What's a handshake worth in Canberra?
An extended game of cat and mouse begins in Canberra today. Tony Abbott is the cat.
The leader of the opposition yesterday told both Labor and a meeting of Coalition MPs that his hard-line stance on the pairing of the Speaker would extend to all pairings – effectively confining Labor MPs to within sprinting distance of the House of Representatives during sitting days.
Any requests for a pairings would be tightly scrutinised, including those from Prime Minister Gillard – who by parliamentary tradition would have expected to be afforded a pair automatically. This will severely restrict her ability to travel. The Australian reports that on Abbott's watch, Gillard cannot expect to be excused from voting "unless she could demonstrate her proposed trips or meetings were in the national interest".
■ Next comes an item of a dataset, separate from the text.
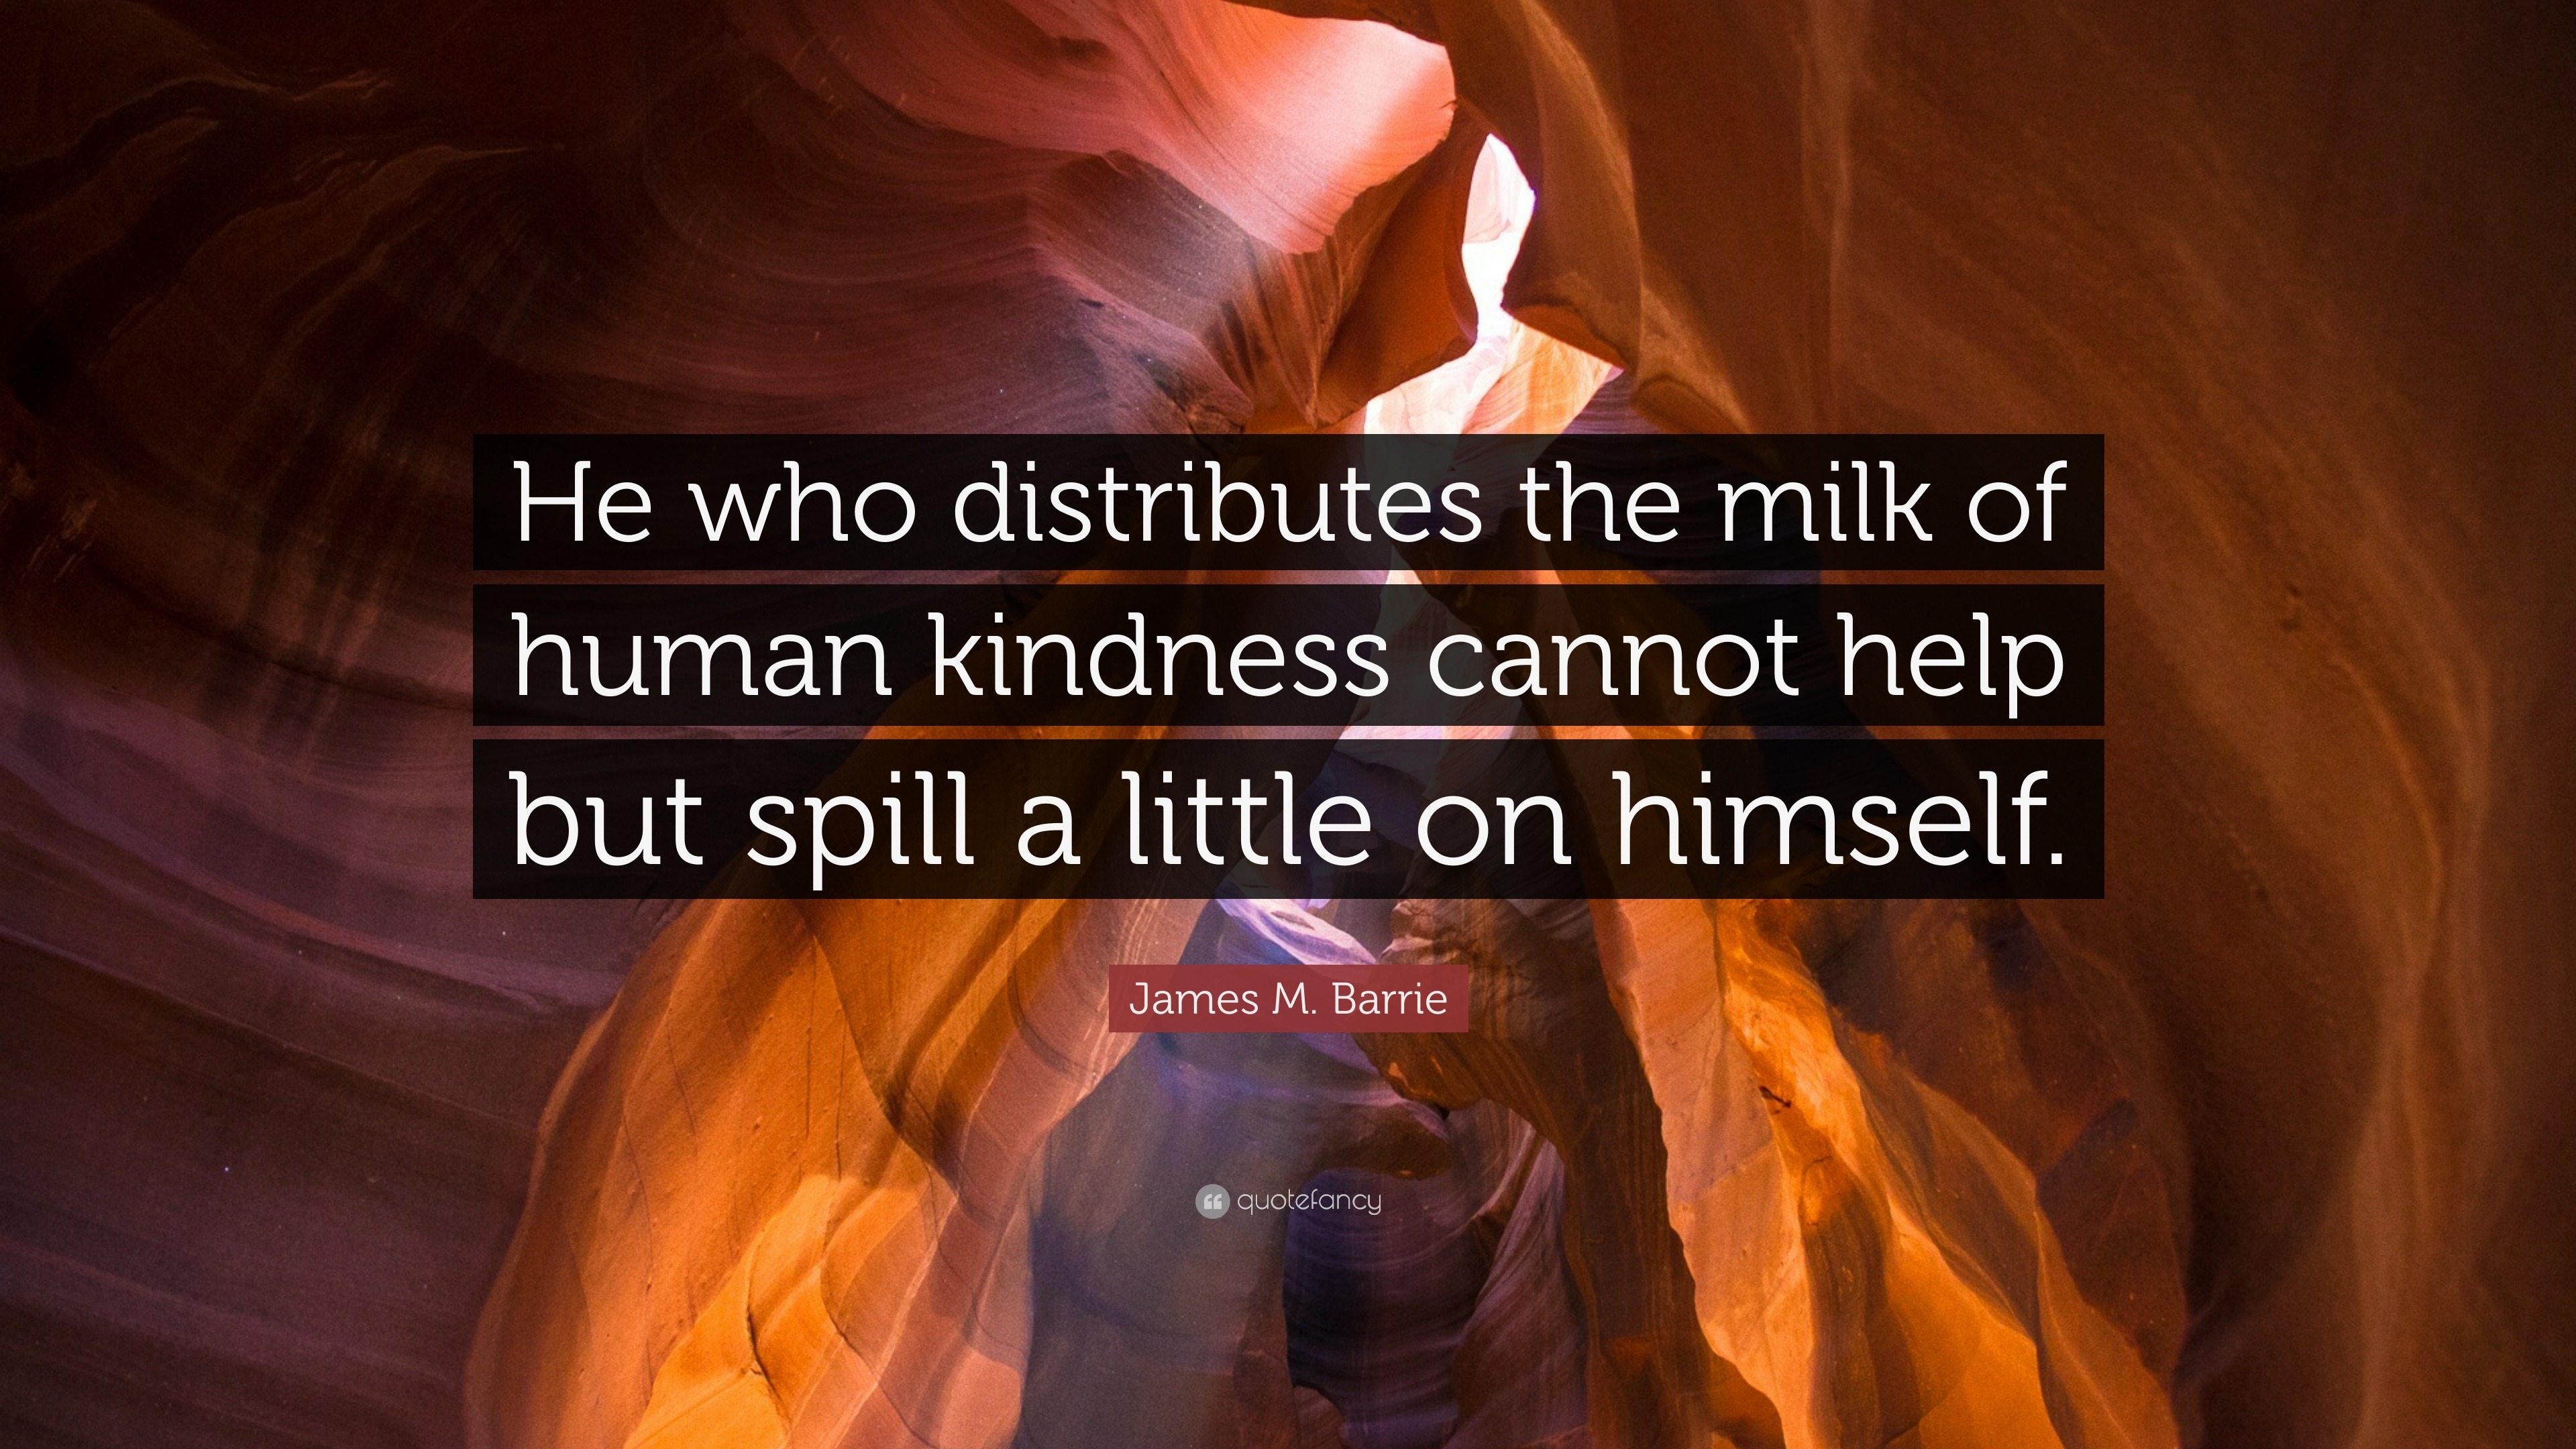 Milk of human kindness - the meaning and origin of this

While this makes life difficult for Gillard, with some tricky rescheduling it will not prevent her travelling interstate or overseas outside the 20 sitting weeks each year.
Nor should it stop key ministers travelling – but Abbott has effectively said that he'll decide when it's appropriate.
The newly named chief government whip, former Defence Minister Joel Fitzgibbon, responded to Abbott's tough stance by telling the ABC: "I simply expect the opposition to be reasonable - surely they will agree that overseas travel on the part of the Trade Minister, the Foreign Minister, the Defence Minister, are crucial to the nation's interests and therefore will cooperate on those issues."
All rather annoying for team Gillard, but not unworkable. The real game of cat and mouse will be played out by the two chief whips. The chief opposition whip, member for Leichhardt Warren Entsch, has already said pairs would be offered "in situations like pregnancy, genuine illness, bereavement or family issues", according to the Sunday Age.
That's big of them. Tanya Plibersek upset Entsch last week by saying that while she'll be granted leave to give birth, she was "anxious" that other women might not find it so easy. Entsch hit back saying she was "using her pregnancy to drive a political point".
All of which shows how uncompromising this session of Parliament will be. However, even where pairs are granted, Fitzgibbon will need to be on guard, as an extraordinary historical precedent from his own side of politics demonstrates.
Way back in 1970, the coalition government of John Gorton was showing signs of self-destructing. The Gough Whitlam-led opposition had reduced the government's majority at the October 1969 poll from 39 seats to just seven. To paraphrase Whitlam, the opposition must have thought "it's almost time".
Gorton has a considerable number of enemies within his own ranks, who ultimately put his leadership to the vote and replaced him with Billy McMahon.
However, in early 1970, with Gorton still PM, Whitlam smelled blood in the water when a handful of coalition MPs decided to cross the floor over after a heated debate on the Seas and Submerged Lands Act, in which state and Commonwealth rights were colliding over offshore oil and gas exploration.
When the Labor party saw the government thus divided against itself, recalls former Whitlam and Hawke era minister Barry Cohen, "all pairings were off".
Labor broke its agreements and rushed as many members – including supposedly paired members – to the House.
Cohen recalls that they would have defeated that controversial bill and started the disintegration of the government there and then, had members of the Labor opposition not wasted so many hours speaking passionately on the bill, giving Gorton enough time to hurry enough bodies in from out of town to win the vote.
Could this happen again? Forty years on, Tony Abbott's tooth-and-nail approach to destabilising the lower house suggests it could. The handshake deals Joel Fitzgibbon and Warren Entsch enter into could well, in the heat of battle, be forgotten as Cat Abbott feeds on Labor mice.